A database is a system for organizing data. It is a collection of raw data that can be manipulated, sorted, and questioned to produce information. The data can be stored in many ways. Before computers, card files, printed books and other methods were used. Now most data is kept on computer files.
The data in a database is organized in some way. Before there were computers, employee data was often kept in file cabinets. There was usually one card for each employee. On the card, information such as the date of birth or the name of the employee could be found. A database also has such "cards". To the user, the card will look the same as it did in old times, only this time it will be on the screen. To the computer, the information on the card can be stored in different ways. Each of these ways is known as a database model. The most commonly used database model is called relational database model; it uses relations and sets to store the data. Normal users talking about the database model will not talk about relations, they will talk about database tables.
Uses for Database Systems[change | edit source]
Uses for database systems include:
- They store data
- They store special information used to manage the data. This information is called metadata and it is not shown to all the people looking at the data.
- They can solve cases where many users want to access (and possibly change) the same entries of data.
- They manage access rights (who is allowed to see the data, who can change it)
- When there are many users asking questions to the database, the questions must be answered faster. So, the last person to ask a question, can get an answer in reasonable time.
- Certain attributes are more important than others, they can be used to find other data. This is called indexing. An index contains all the important data and can be used to find the other data.
- They ensure that the data always makes sense. There are certain rules that can be added to tell the database system if the data makes sense. One of the rules might say November has 30 days. This means if someone wants to enter November 31 as a date, this change will be rejected.
Changing data[change | edit source]
In databases, some data changes occasionally. There may be problems when data is changed, an error might have occurred.

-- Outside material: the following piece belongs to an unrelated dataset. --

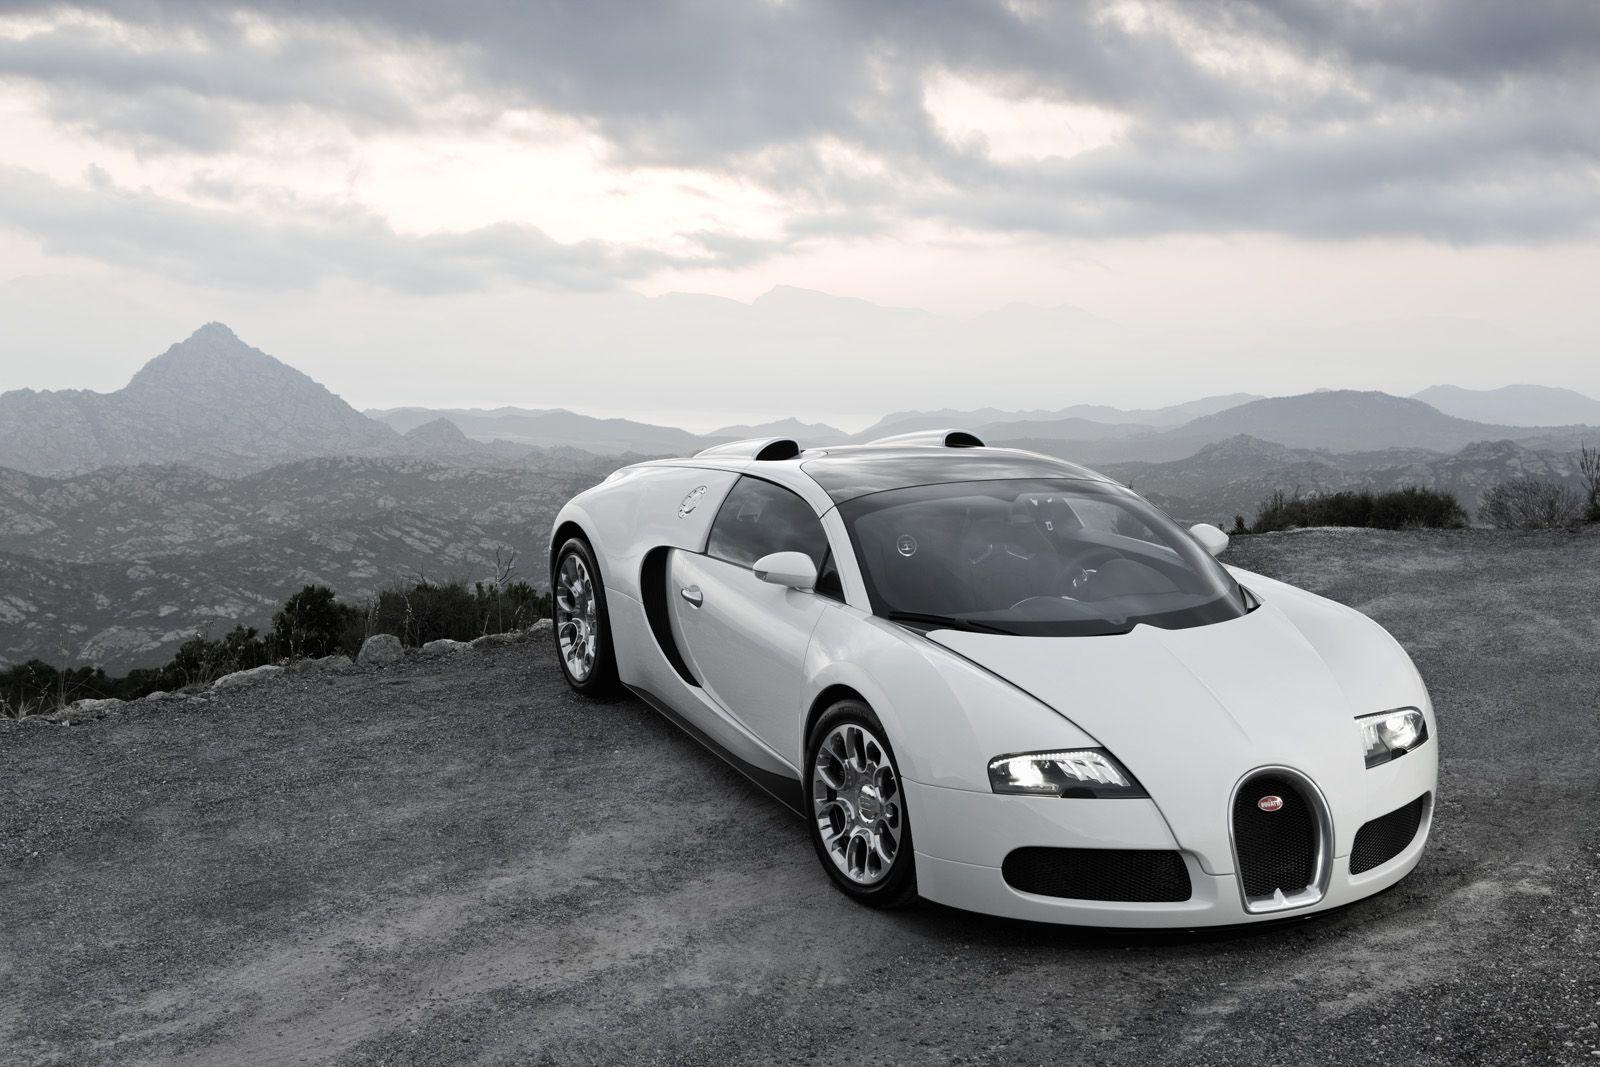 2009 bugatti veyron exotic fast cars pinterest. Black Bedroom Furniture Sets. Home Design Ideas

The error might make the data useless. The database system looks at the data, it must fulfill certain requirements. It does this by using a transaction. There are two points in time in the database, the time before the data was changed, and the time after the data was changed. If something goes wrong when changing the data, the database system simply puts the database back into the state before the change happened. This is called rollback. After all the changes are done successfully, they are committed. This means that the data makes sense again; committed changes can no longer be undone
In order to be able to do this, databases follow the ACID principle:
- All. Either all tasks of a given set (called transaction) are done, or none of them is. Known as Atomicity
- Complete. The data in the database always makes sense. There is no half-done (invalid) data. Known as Consistency
- Independent. If many people work on the same data, they will not see (or impact) each other. Each of them has their own view of the database, which is independent of the others. Known as Isolation
- Done. Transactions must be committed, when they are done. Once the committed, they can not be undone. Known as Durability.
Database model[change | edit source]
There are different ways how to represent the data.
- Simple files (called flat files): Simply write the data into a spreadsheet, then save it in the database program.
- Hierarchical model: The data is organized like a tree structure. The interesting data is at the leaves of the tree
- Network model: Use records and sets to store the data
- Relational model: This uses set theory and predicate logic. It is widely used. Data looks like it is organized in tables. These tables can then be joined together so that simple queries can be chosen from them.
- Object relational model: This uses the same data types for the database, as for the (object-oriented) application.
Ways to organize the data[change | edit source]
Like in real life, the same data can be looked at from different perspectives, and it can be organized in different ways. There are different things to consider, when organizing the data:
- Each item of data should be stored as few times as possible. Imagine that an unmarried woman is listed in the county records, State Motor Vehicle Dept, Federal Social Security Dept and International Passport Dept. If she marries, and decides to change her name, all the these departments have to be notified. If all the departments were linked, and her name stored in only one place, then updating is easy.
- If the data is stored in several different databases, it may contradict itself.
- This problem makes finding data slower. If there is a lot of data, this problem of storing one piece of data in many places, will take up a lot of space. In our example there were 4 databases for one person. That will be 8 changes made, if a second person has exactly the same problem.
- If you have this problem, a method called Database Normalisation was developed to solve it. Currently there are 5 Normal forms. These are ways to make a database faster, and make the data take less space.